ASSIGNMENT: Every line below should come back exactly as written, though the pictures stay out.

DATA SECTION:
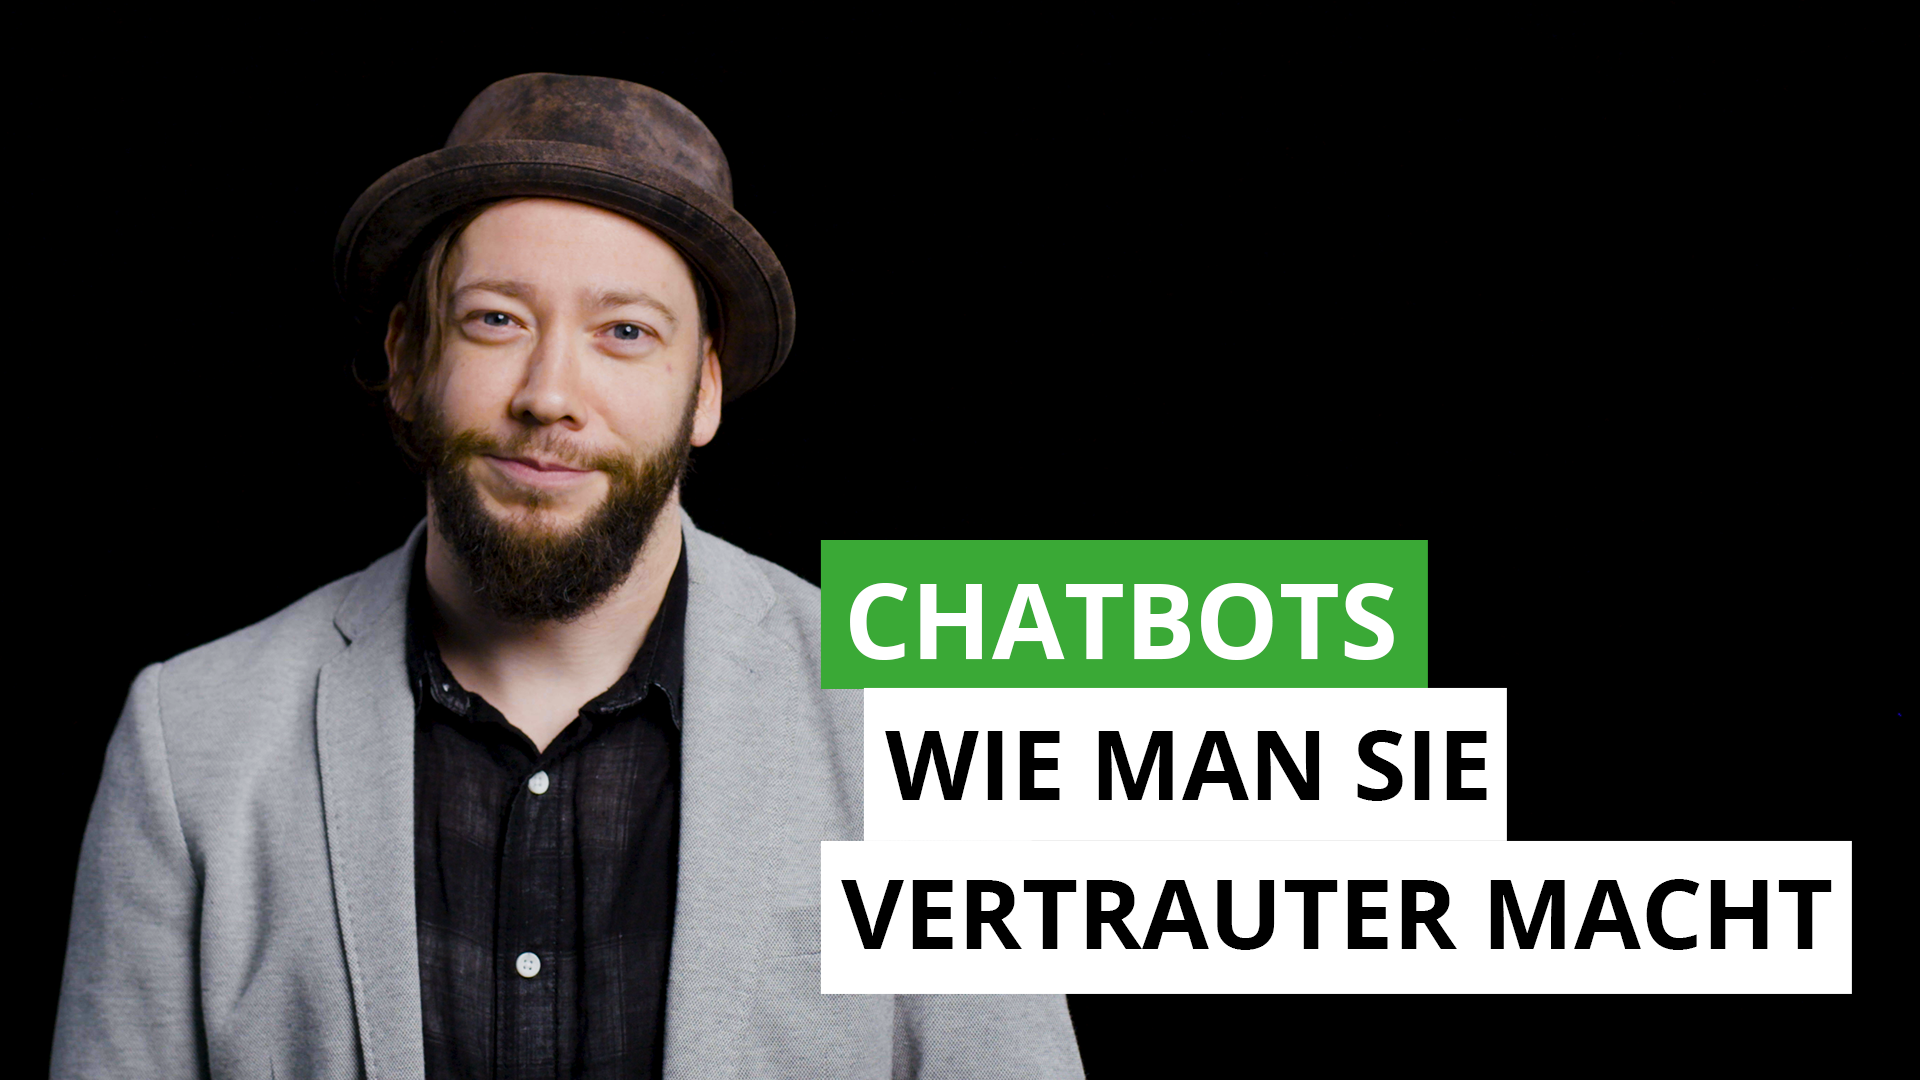 Chatbots- Wie man sie vertrauter macht
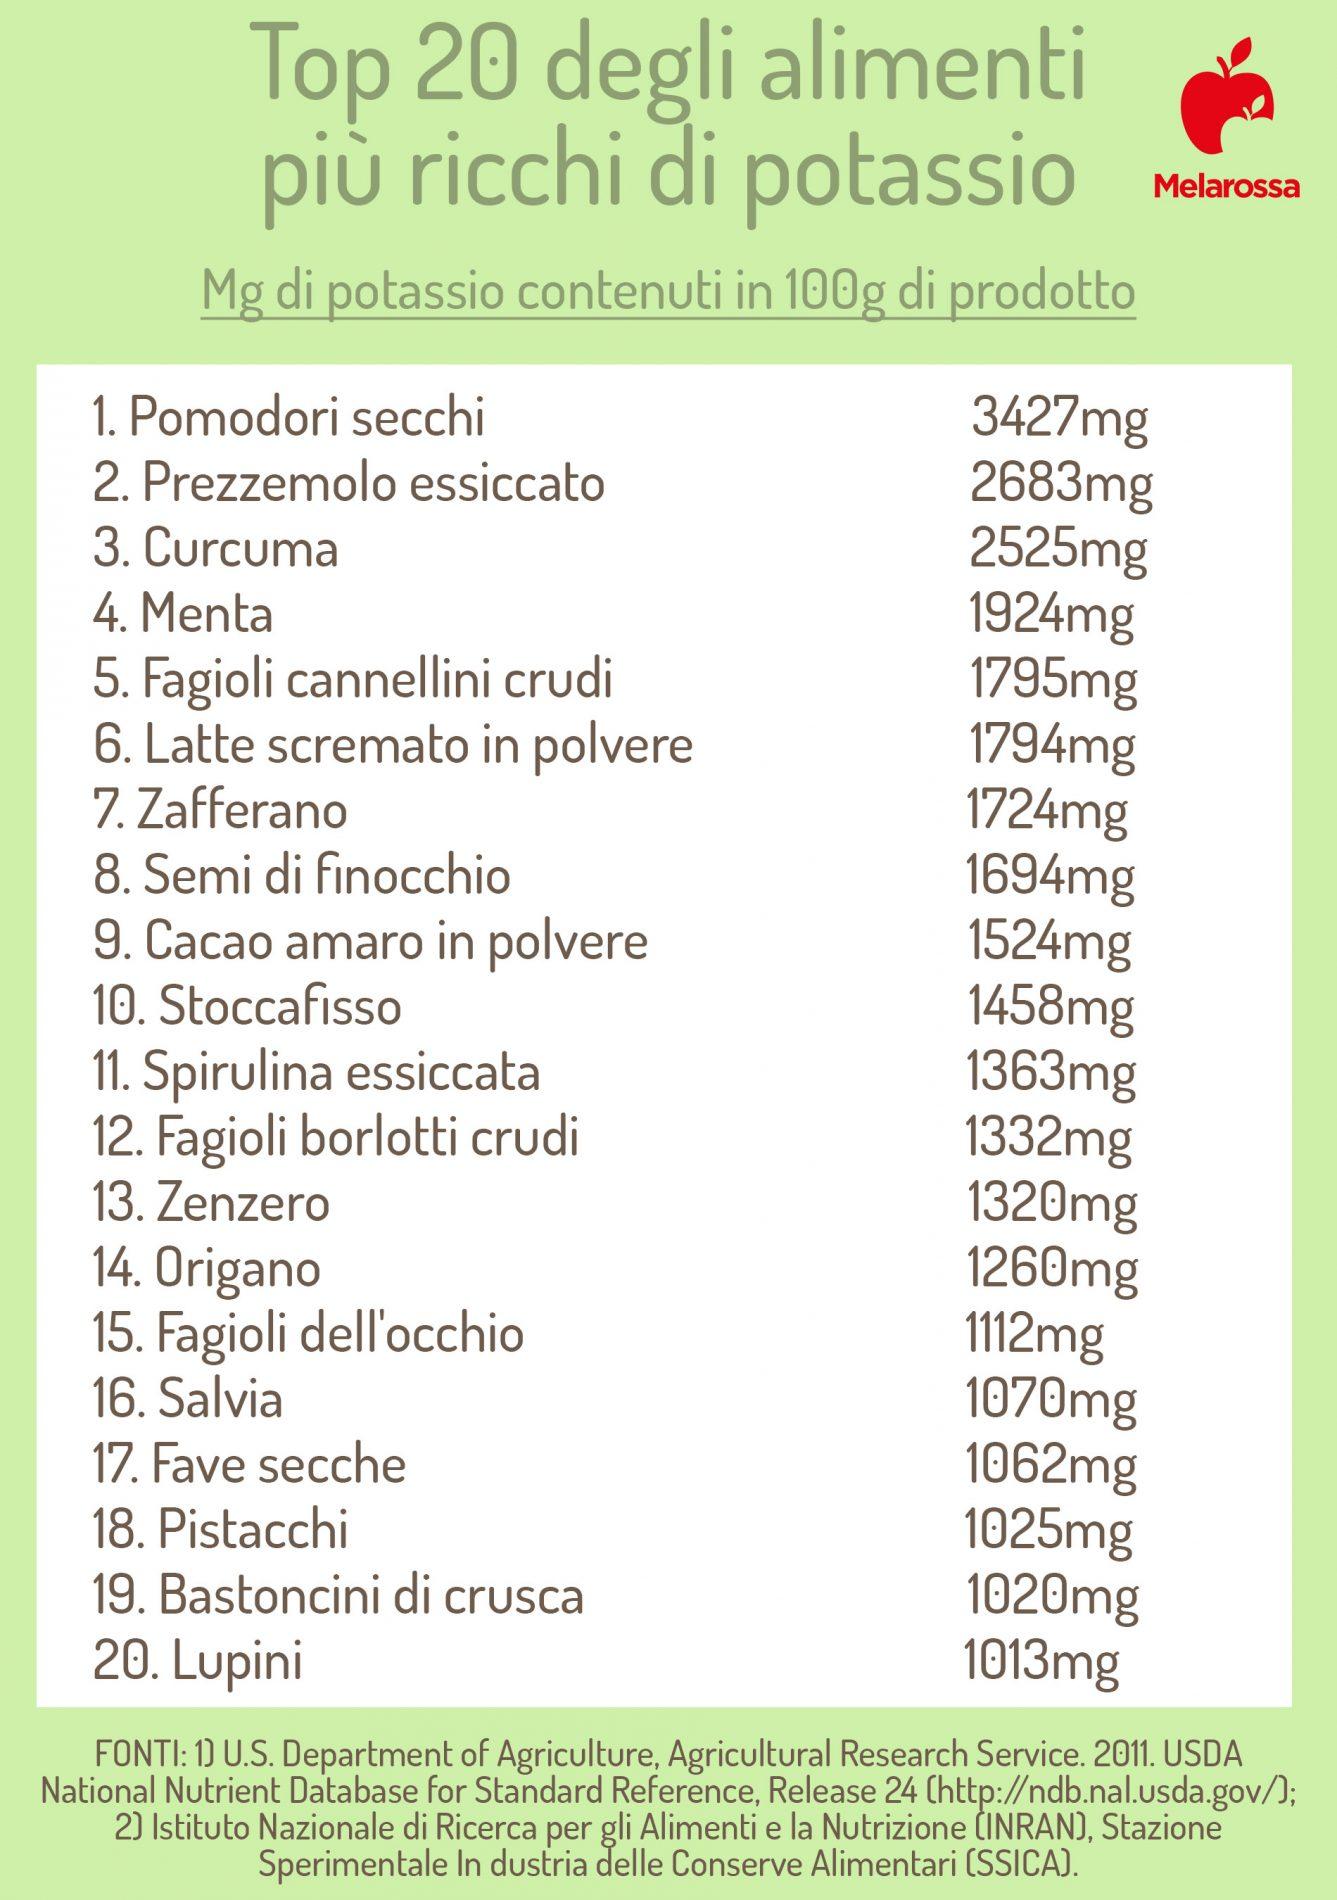 la top 20 degli alimenti più ricchi di potassio
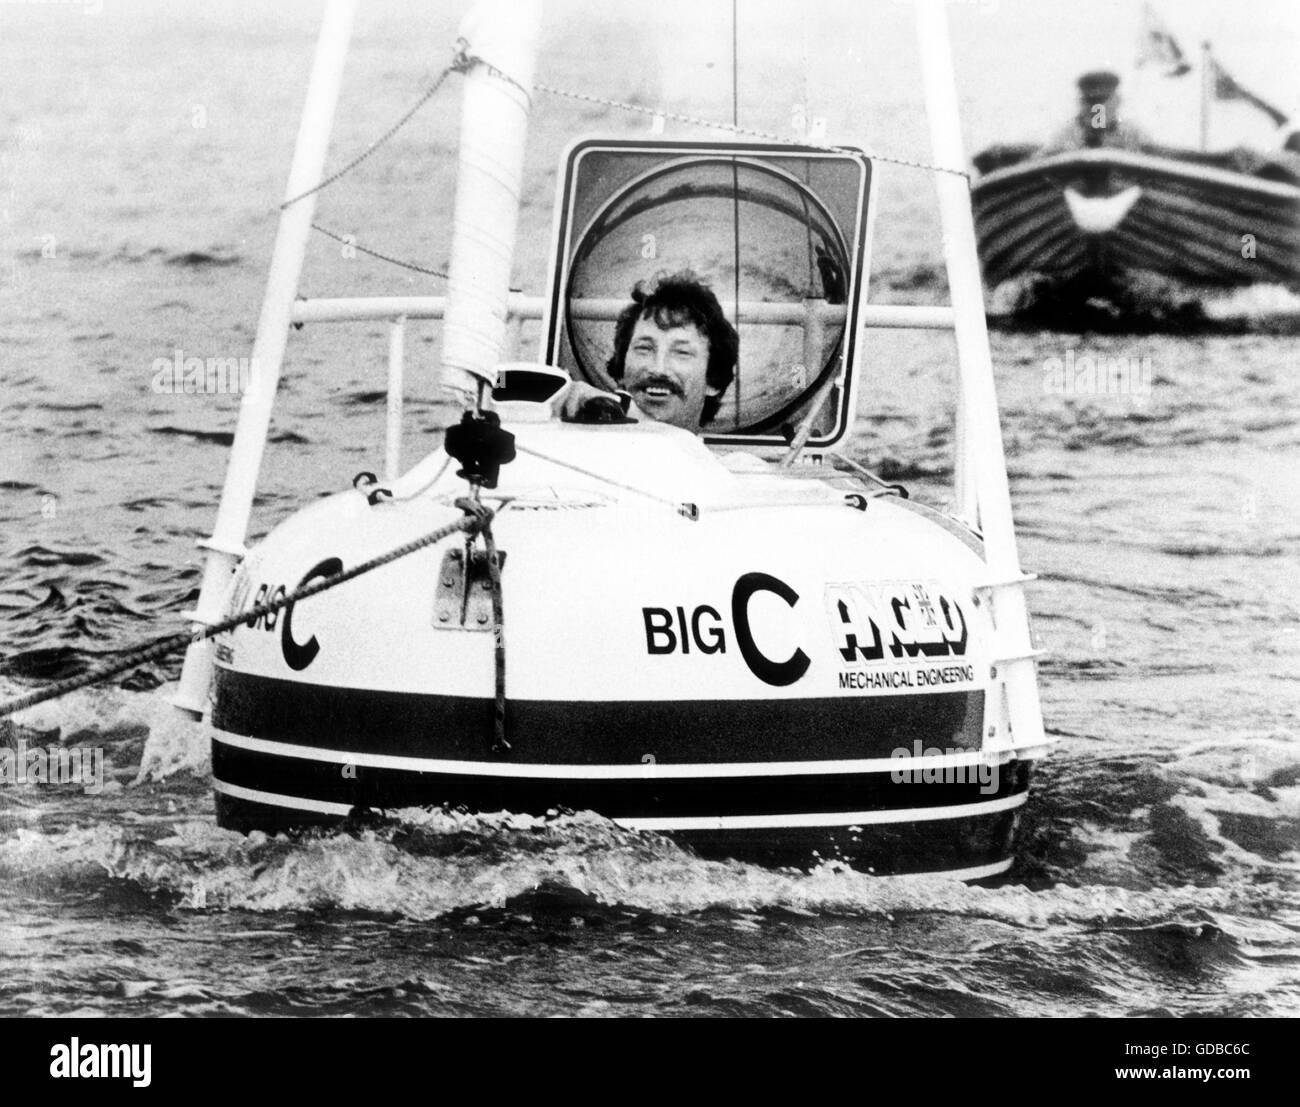 Noticias Fotos de AJAX. Julio 20th, 1983. SOUTHAMPTON, Inglaterra. - El barco más pequeño -LIVERPUDLIAN Imagen De Stock
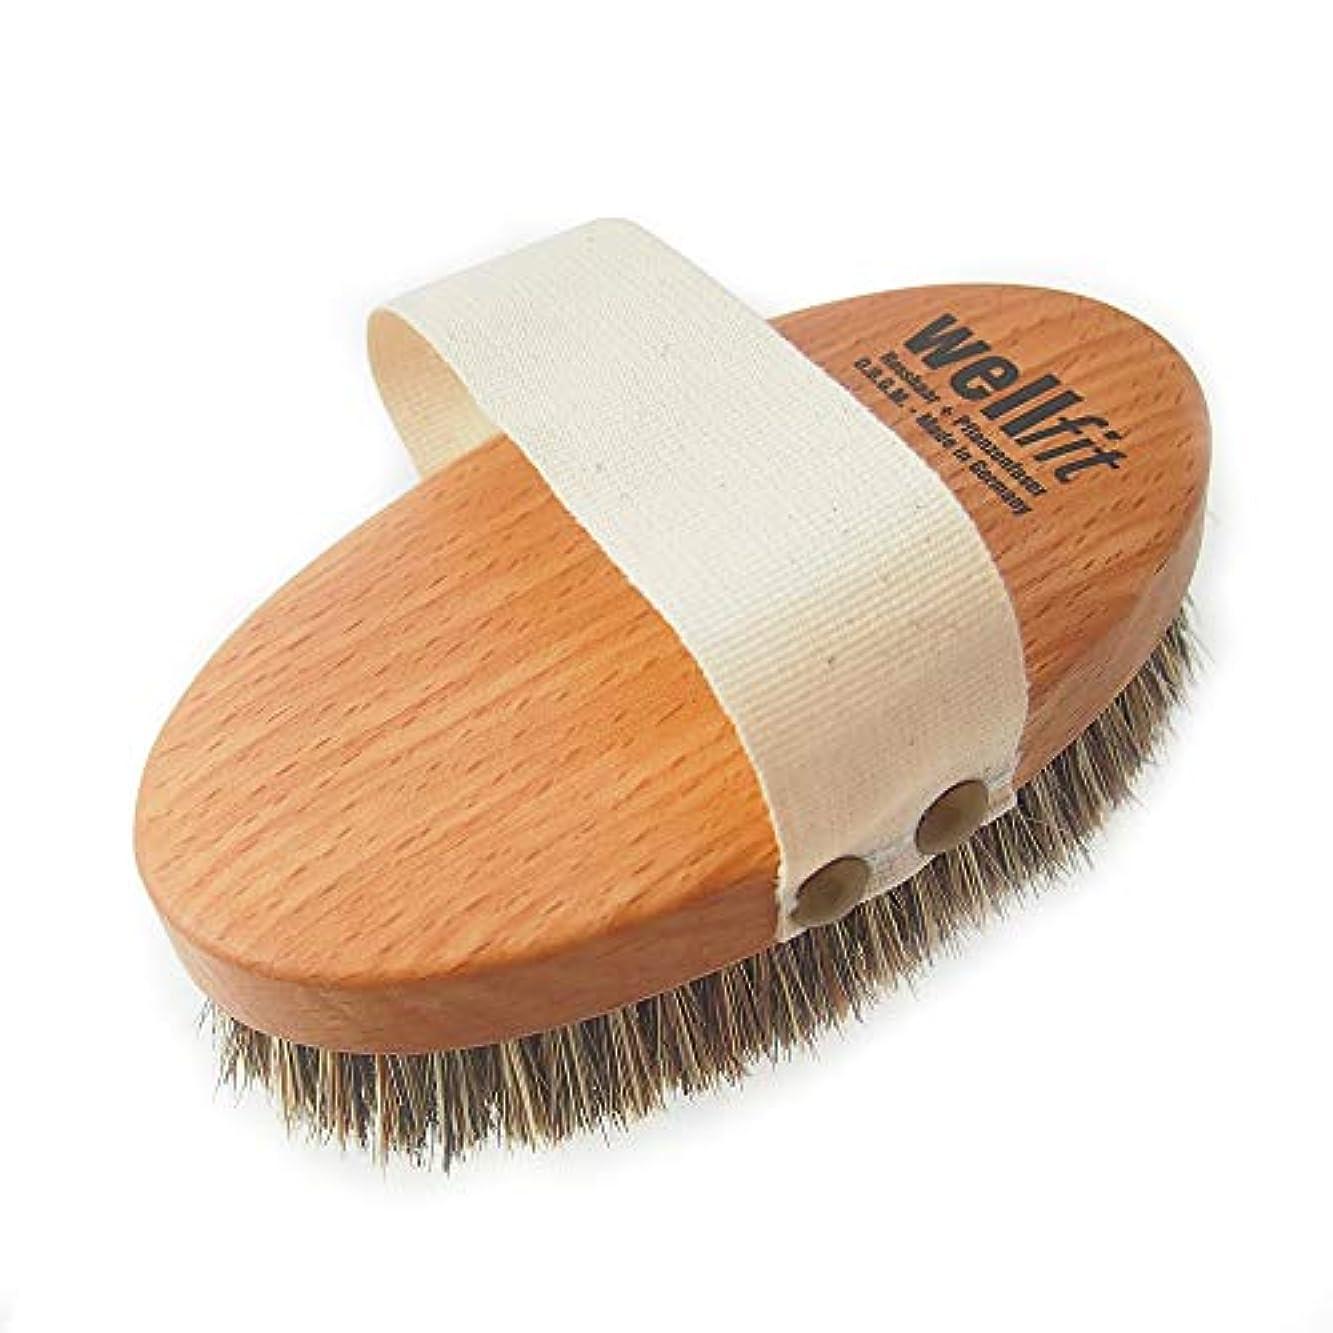 描く破壊するボタンレデッカー Redecker マッサージブラシ(ミディアムハード 馬毛と植物毛の混毛植毛) 正規品

SOLUTION TO THE EXERCISE:
 Chatbots- Wie man sie vertrauter macht
 la top 20 degli alimenti più ricchi di potassio
 Noticias Fotos de AJAX. Julio 20th, 1983. SOUTHAMPTON, Inglaterra. - El barco más pequeño -LIVERPUDLIAN Imagen De Stock
 描く破壊するボタンレデッカー Redecker マッサージブラシ(ミディアムハード 馬毛と植物毛の混毛植毛) 正規品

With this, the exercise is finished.